Based on a study conducted by Carleton University and Public Citizen, Medicare could save $16 billion annually based on the $70 billion spent on prescription drugs in 2013. With the total prescription-drug spending figure rising to $88 billion this year, the assumption is the savings potential is much higher now, thus "at least $16 billion." Based on their research, Medicare is paying 83% of a brand-name drug's list price. Now compare this to Medicaid and the Veteran Health Administration, which pay 48% and 46% of branded-drug list prices according to the study.

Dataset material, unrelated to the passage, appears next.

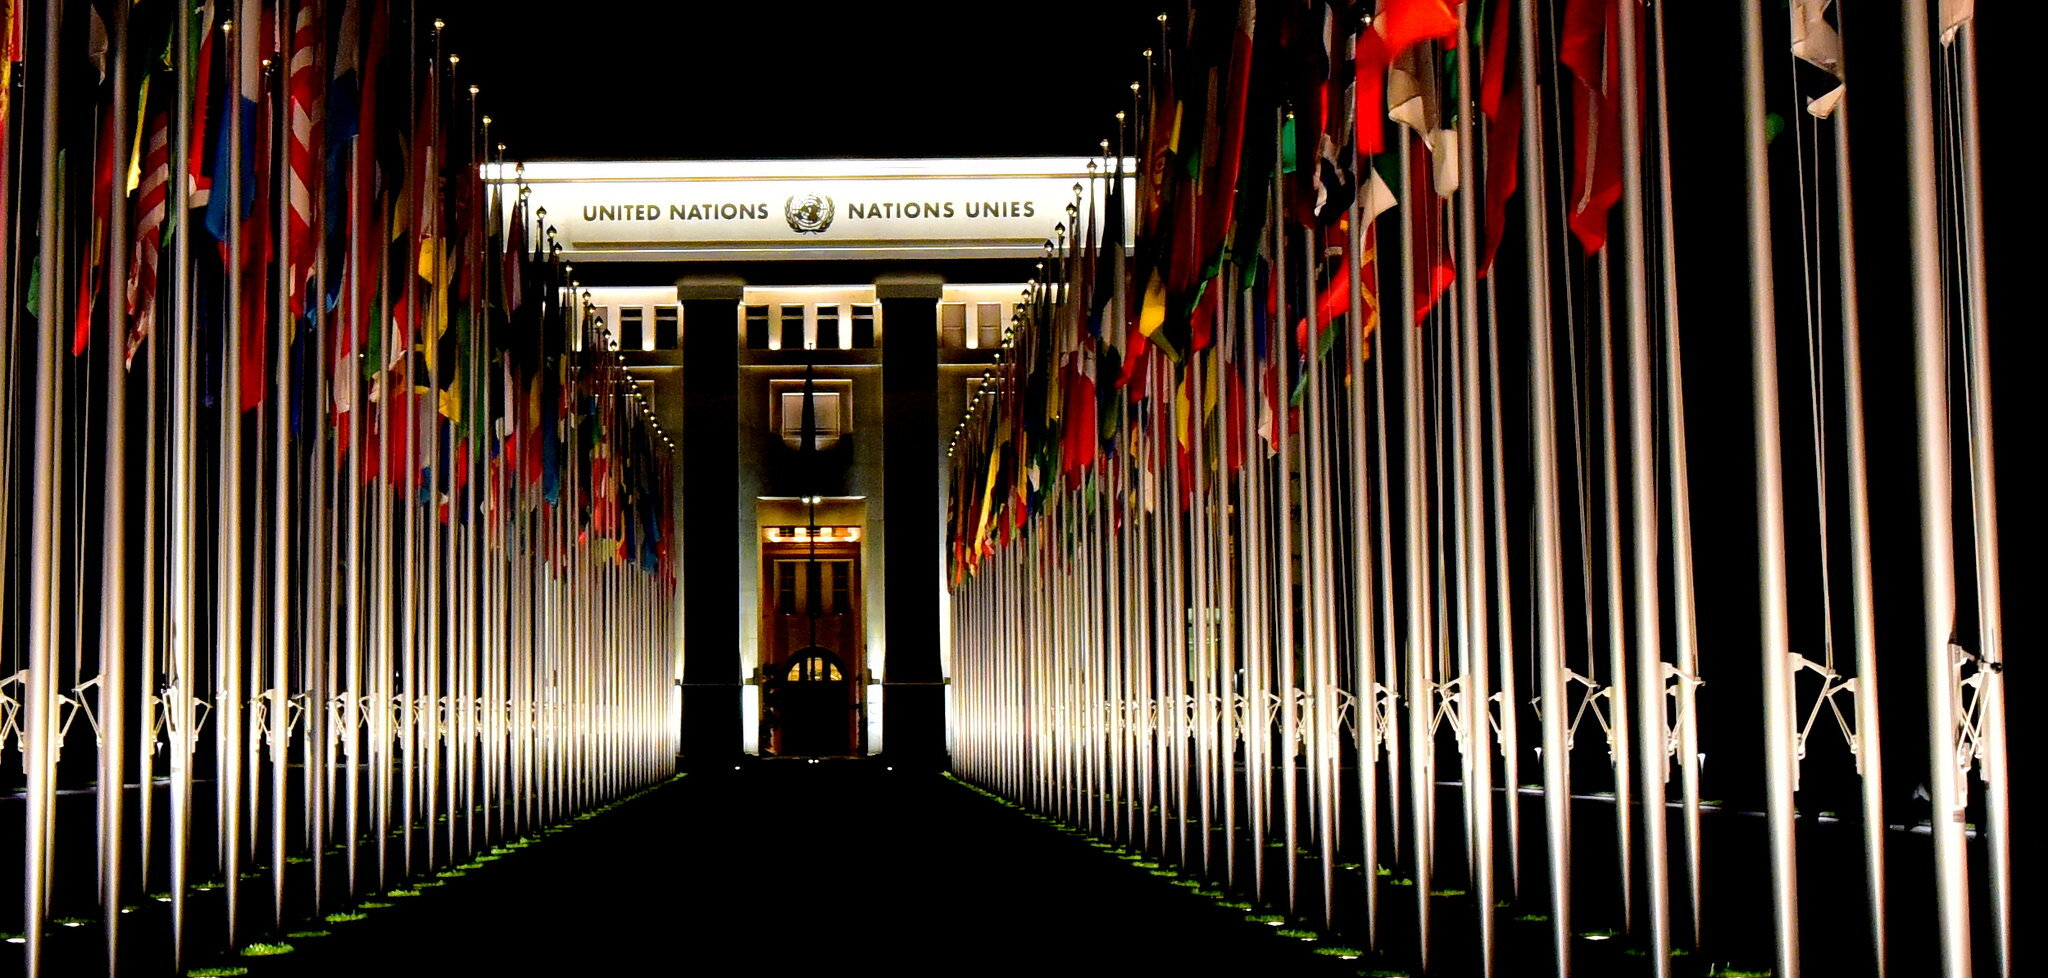 UN Photo-Pontus Wallsten

The difference? Medicaid and the VHA are allowed to flex their negotiation muscles with drugmakers, which lands the two programs substantial gross-to-net discounts. Medicare, though, has its hands tied. The 2003 Medicare Modernization Act barred the program from directly bargaining with drugmakers, which instead leaves insurers to handle the hard work. Based on the data above, insurers aren't doing a very good job of going to bat for their members. 

Image source: Getty Images.

The solution would seem pretty simple: allow the government to use its might to bargain for better drug prices for seniors. The resulting savings could help put extra money back into the pockets of seniors and the program. It's also a solution that a number of Americans favor, at least based on a 2015 Kaiser Family Foundation (KFF) poll. KFF's survey found that 83% of respondents favored government involvement if it meant lower prescription drug costs. 

This solution is far from perfect

But there's a catch. Allowing government involvement would disrupt the free market that drug companies currently enjoy. Disrupting the free market is an idea that lawmakers on Capitol Hill may not appreciate, even if the American public overwhelmingly favors it.

Even more so, allowing the government to use its might to negotiate lower drug prices could drive jobs and innovation within the sector overseas. Lower margins could cause U.S. drugmakers and biotech companies to seek out more cost-competitive environments, costing U.S. jobs in the process. Let's not forget that domestic drugmakers count on the high margins and strong drug pricing power in the U.S. to subsidize their ventures into emerging and underdeveloped markets. If those high margins get reduced, innovation could suffer and emerging markets could see a reduced access to life-saving medicines.

There's no questioning that Medicare needs a fix, as the current path appears unsustainable. But exactly how lawmakers will fix Medicare remains to be seen.